Task details ▸
From the line that contains "当社独自のIoT技術「GecKo CLOUD」の説明" down to the final line below, please repeat each line exactly and nothing more, with no pictures.

Exercise data ▸
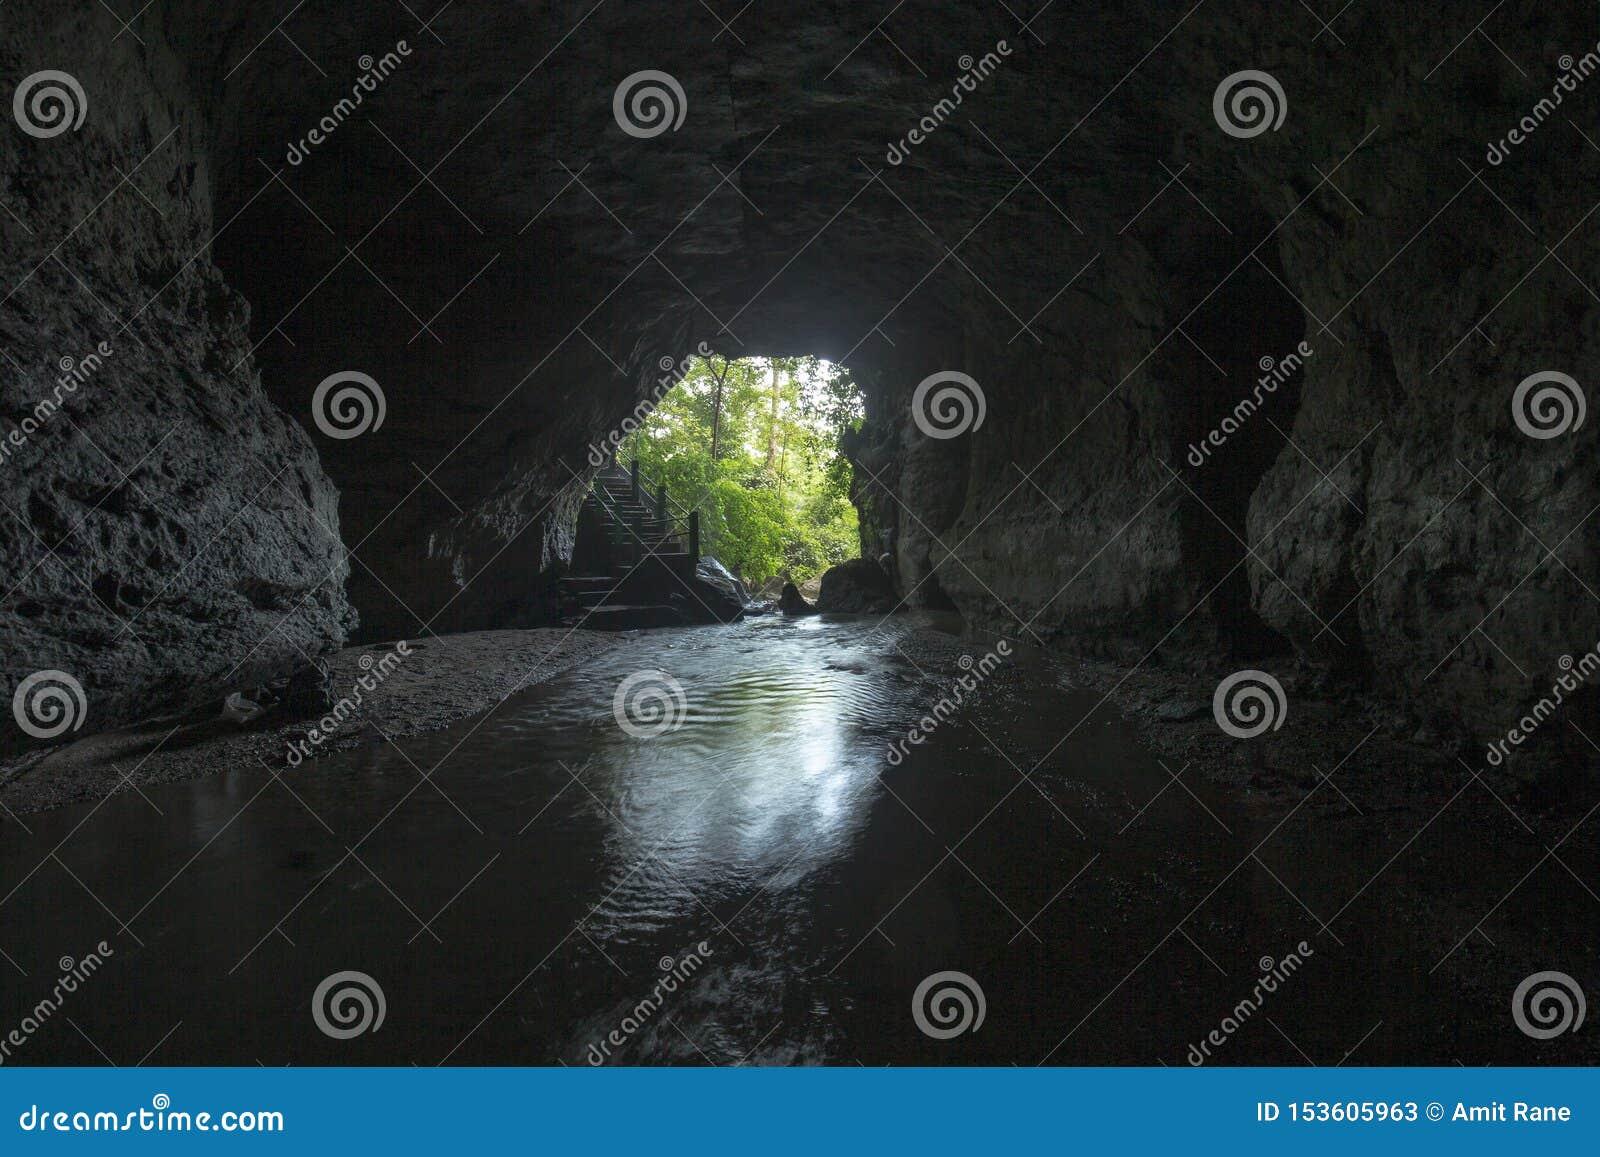 Είσοδος μια της Ινδίας από τη μεγαλύτερη σπηλιά Siju, Meghalaya, Ινδία
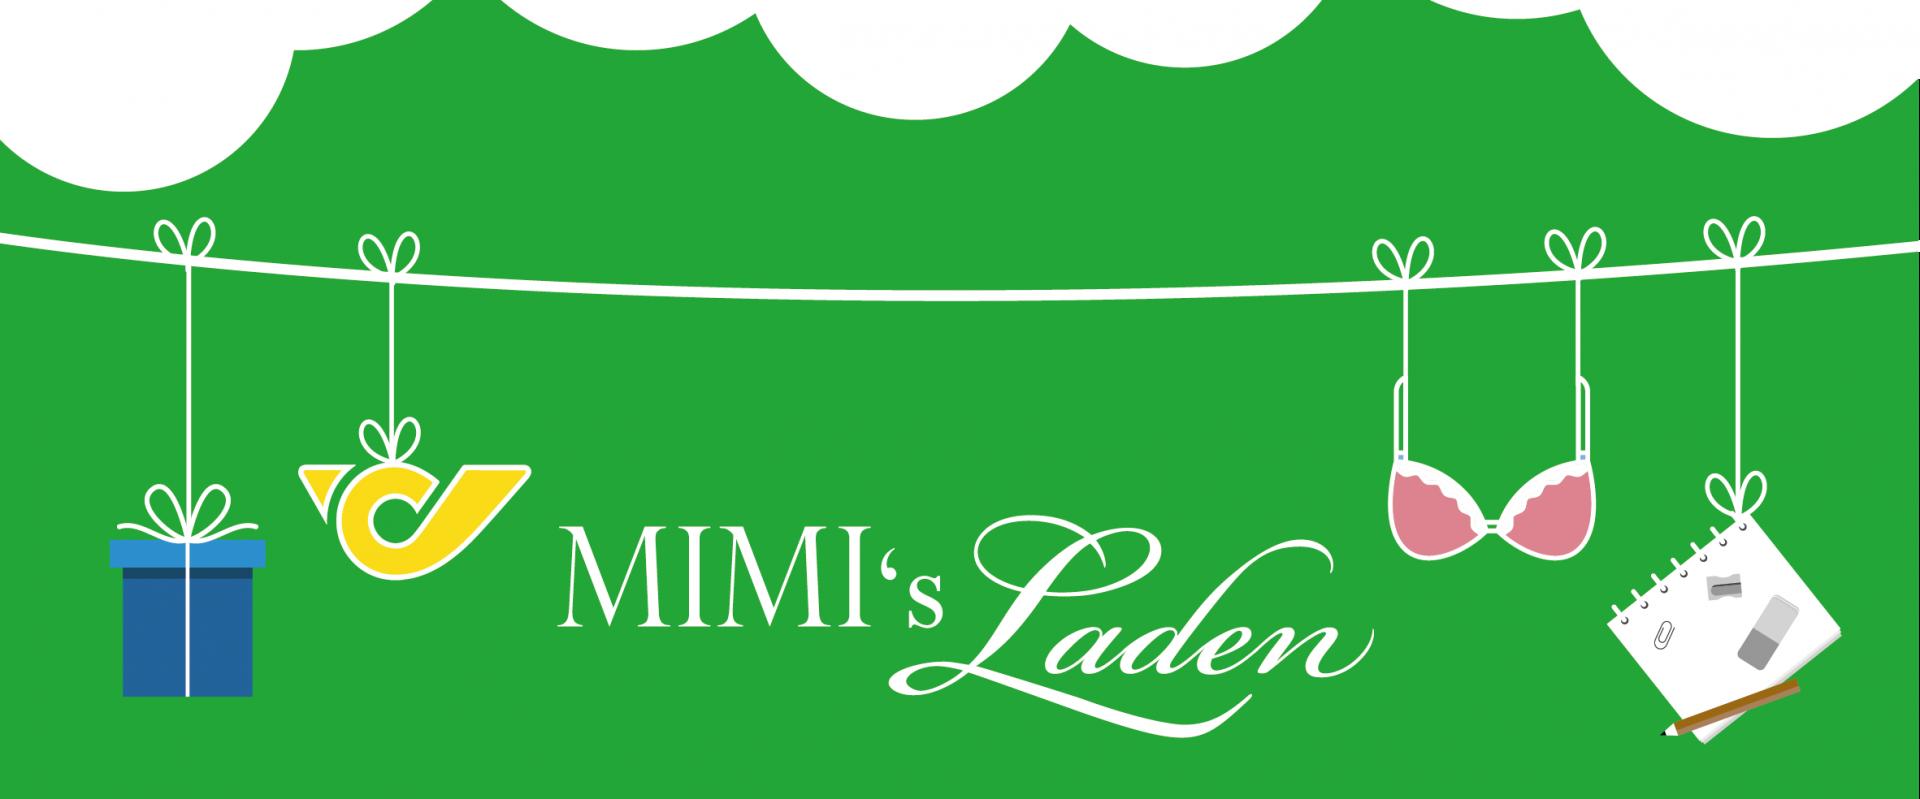 Mimi's Laden
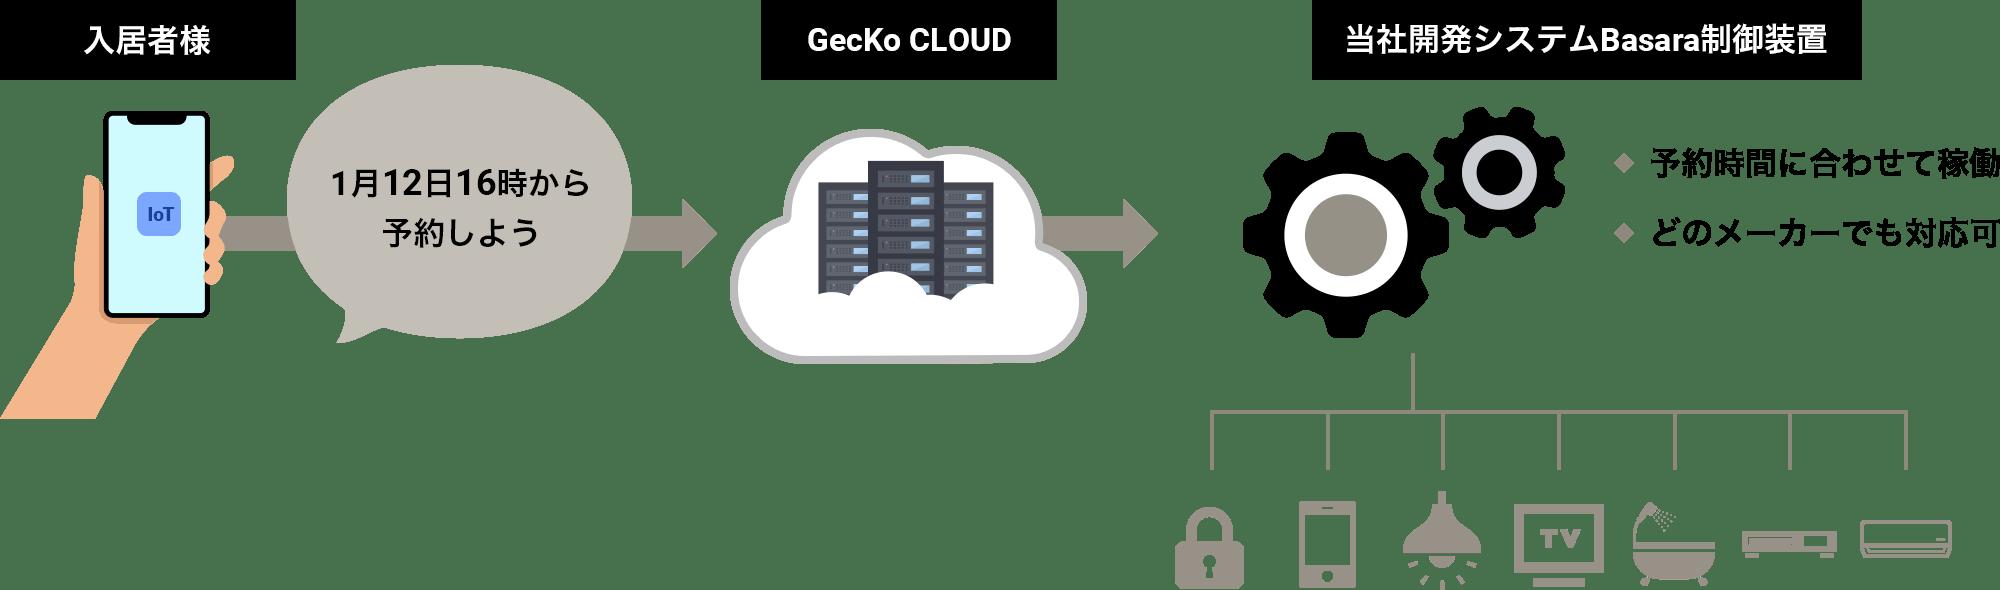 当社独自のIoT技術「GecKo CLOUD」の説明
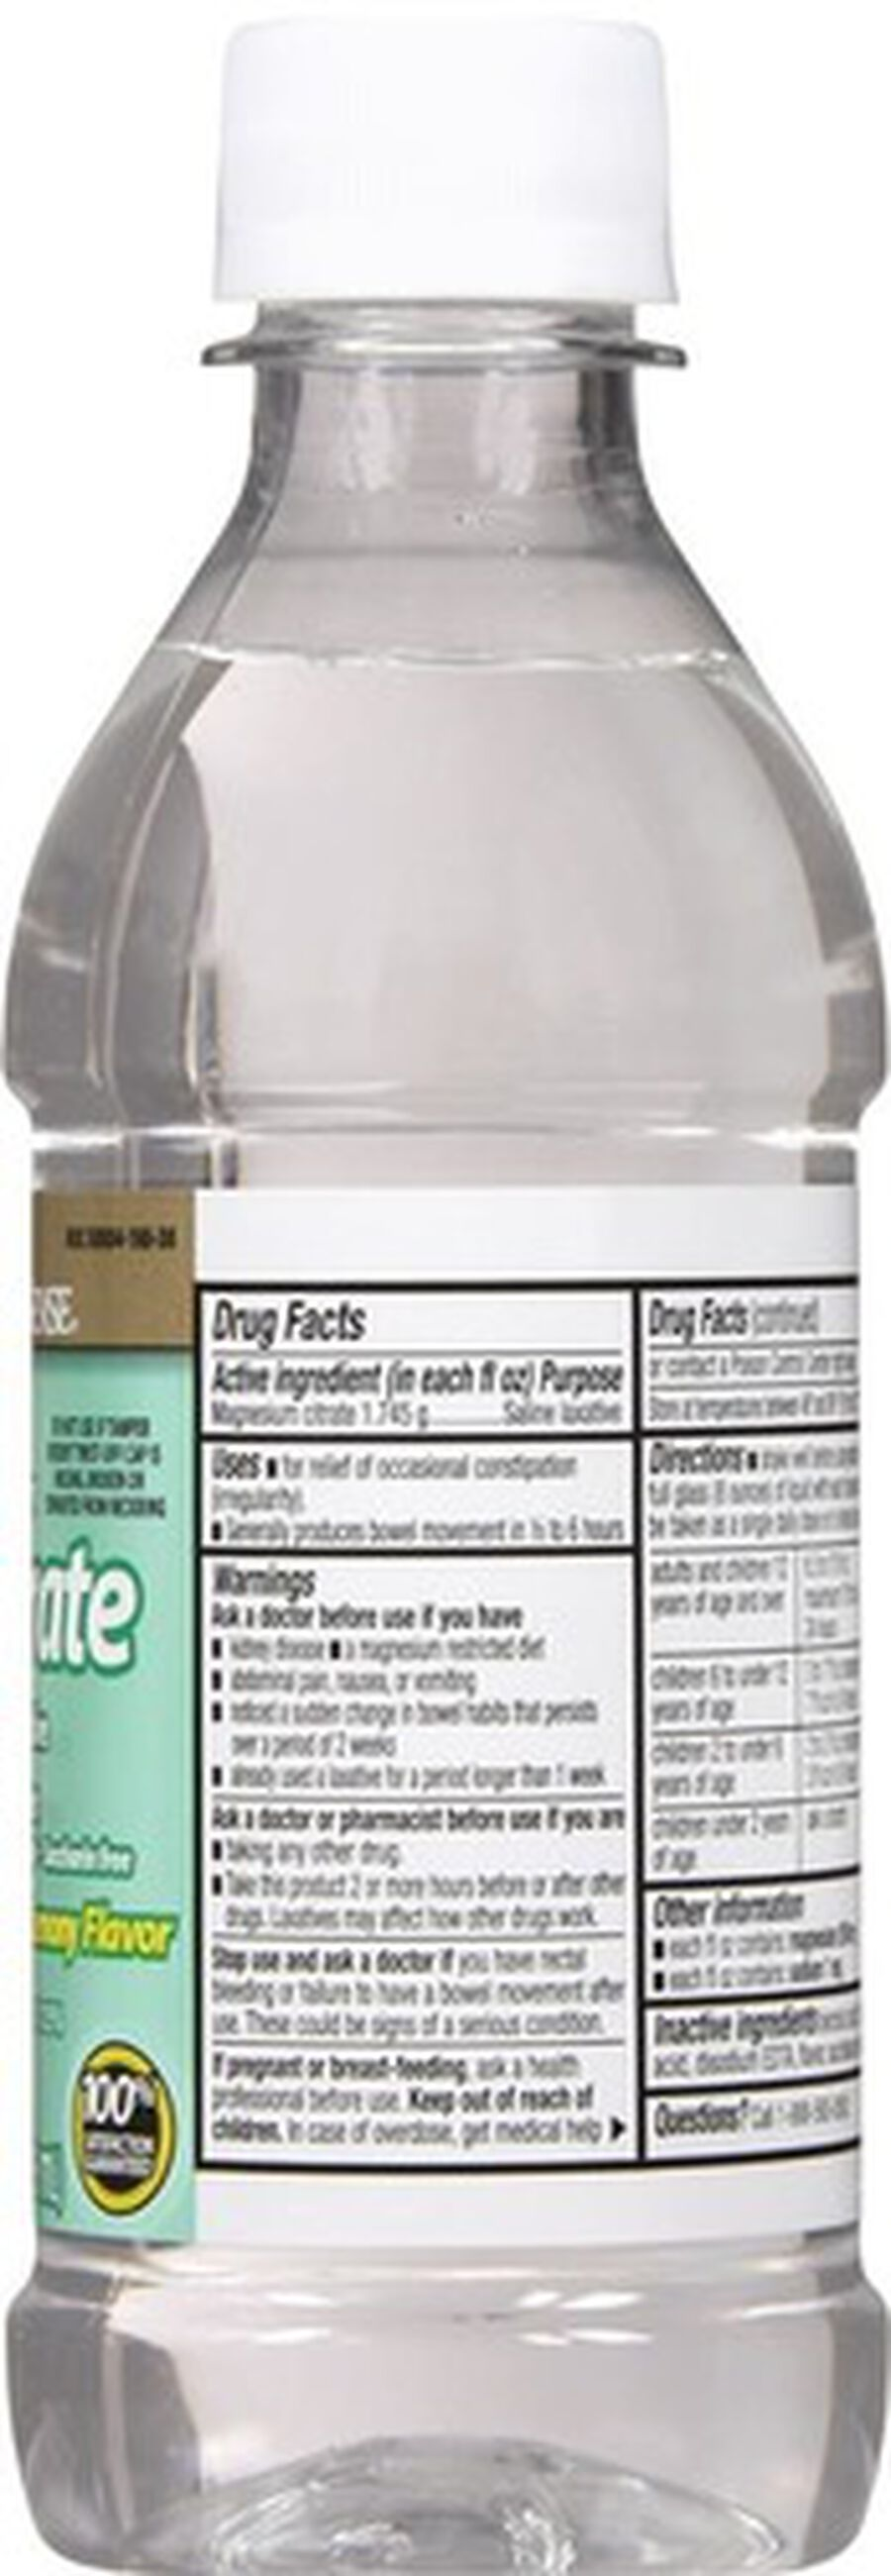 GoodSense® Cirtrate Magneisum Dye- Free Lemon, 10 oz, , large image number 1

Final answer ▸
 当社独自のIoT技術「GecKo CLOUD」の説明
 GoodSense® Cirtrate Magneisum Dye- Free Lemon, 10 oz, , large image number 1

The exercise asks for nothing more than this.